What a wonderful idea for a project!!!
SMILE :)

Richella Parham said...

Boy, did I need to read this today. Thank you, Amy, for sharing your heart.
It really means a lot to me. God used this post of yours in a powerful way.

Vanessa said...

Thank you for sharing this Amy as it is something I have struggled with for years! God has been breaking some of these holds on me as I have sought Him to help me release some of those ways in which I perceive I have been "wronged". My record of wrongs I have kept rolling around in my mind and everytime something new would happen it would bring back all of those past hurts and offenses. And yet God, in His graciousness, has made me realize who has really been in the wrong! He keeps no record of my offenses and forgives me when I ask and yet I can't do the same for others? And my offenses to Him are certainly worse than anything anyone has done to me!
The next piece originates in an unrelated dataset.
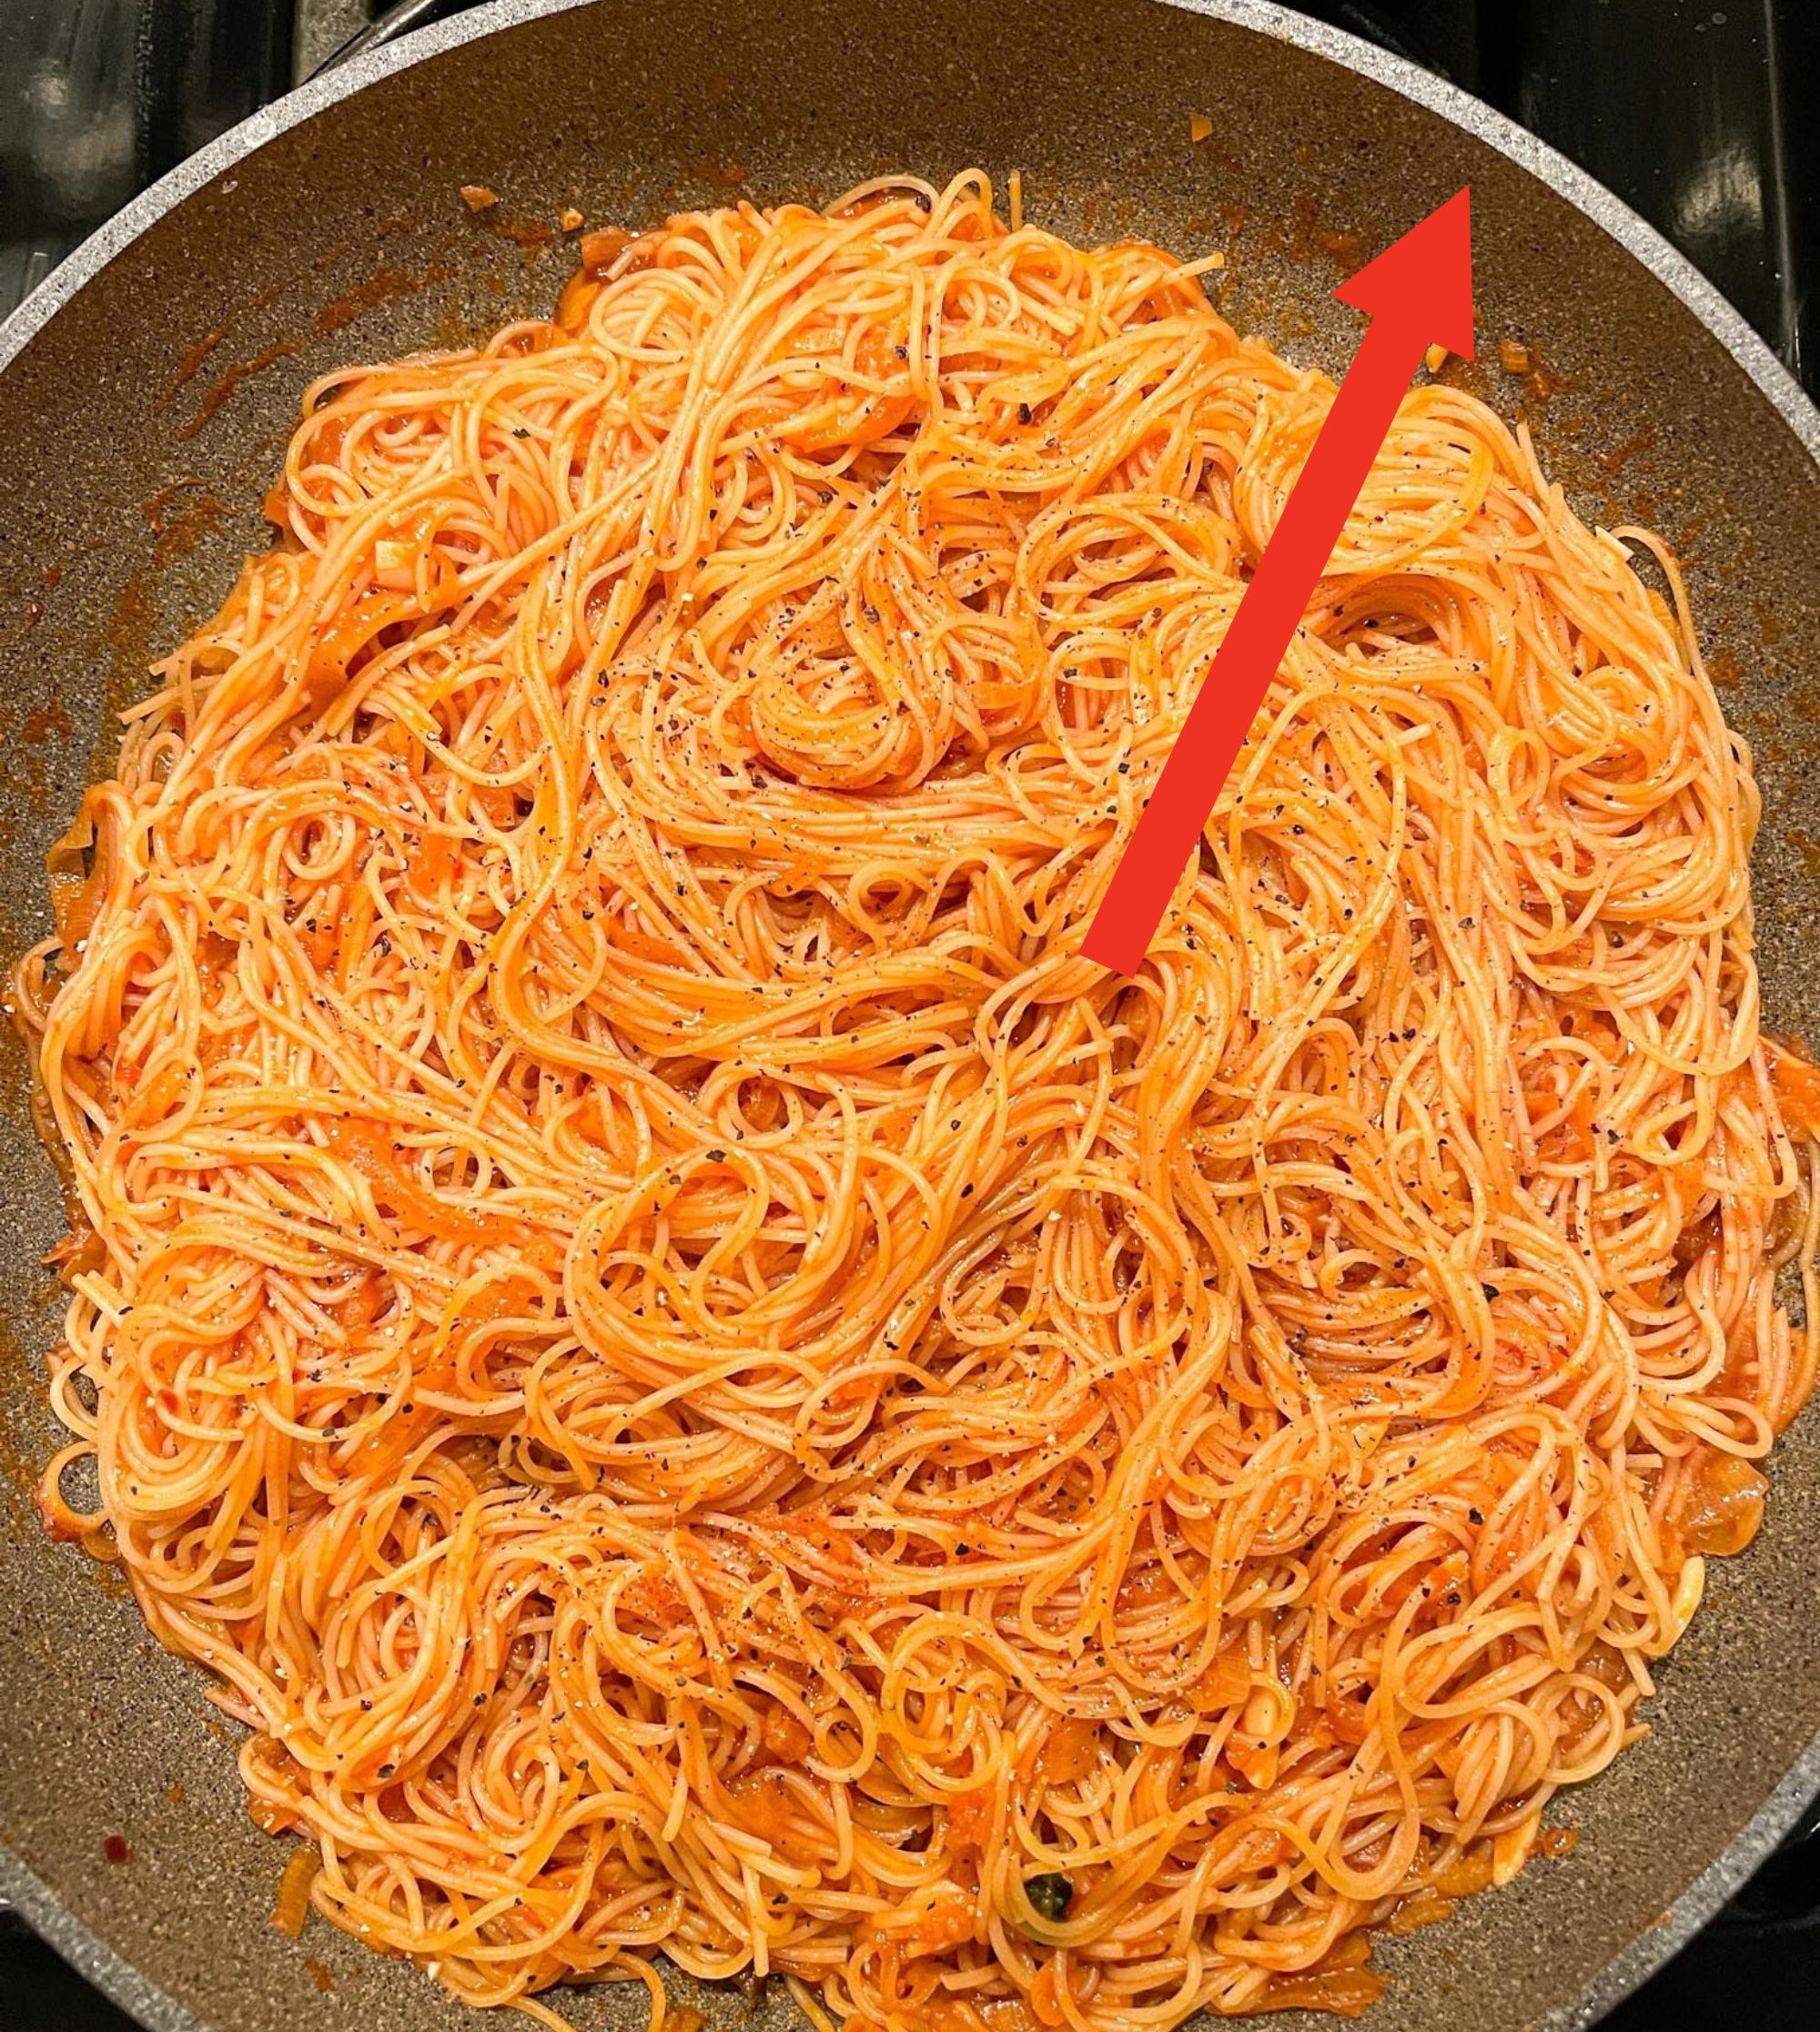 Spaghetti in a nonstick skillet

Anyway, thanks so much for the reminder this week as I so easily 'slip up' and fall back into my old ways! :-)
Vanessa
http://southerninmyheart.blogspot.com

Liz Barnett said...

I wonder if you know that God makes you write this stuff just for me :)

Val said...

I truly love this. Every home needs a smile box.

Crystal said...

I needed that kick in the rear right now!! My favorite line was the one about the chain not looking so pretty on me! You have such a way with words that go straight to my heart. Thank you.

Kat said...

I love this post. You are such a gifted writer. It also reminded me of a gift that I made my mother a few years ago. I filled a box with 100 written memories of my mother. Each carefully folded piece of paper contained a special moment between my mother and I through the years. My husband wanted to be a part of it, as well, and wrote some of his own to include. The wish was that when she was having a day where she may need a reminder of the joy she brings to us that she could open the box, pull out a memory and feel the love.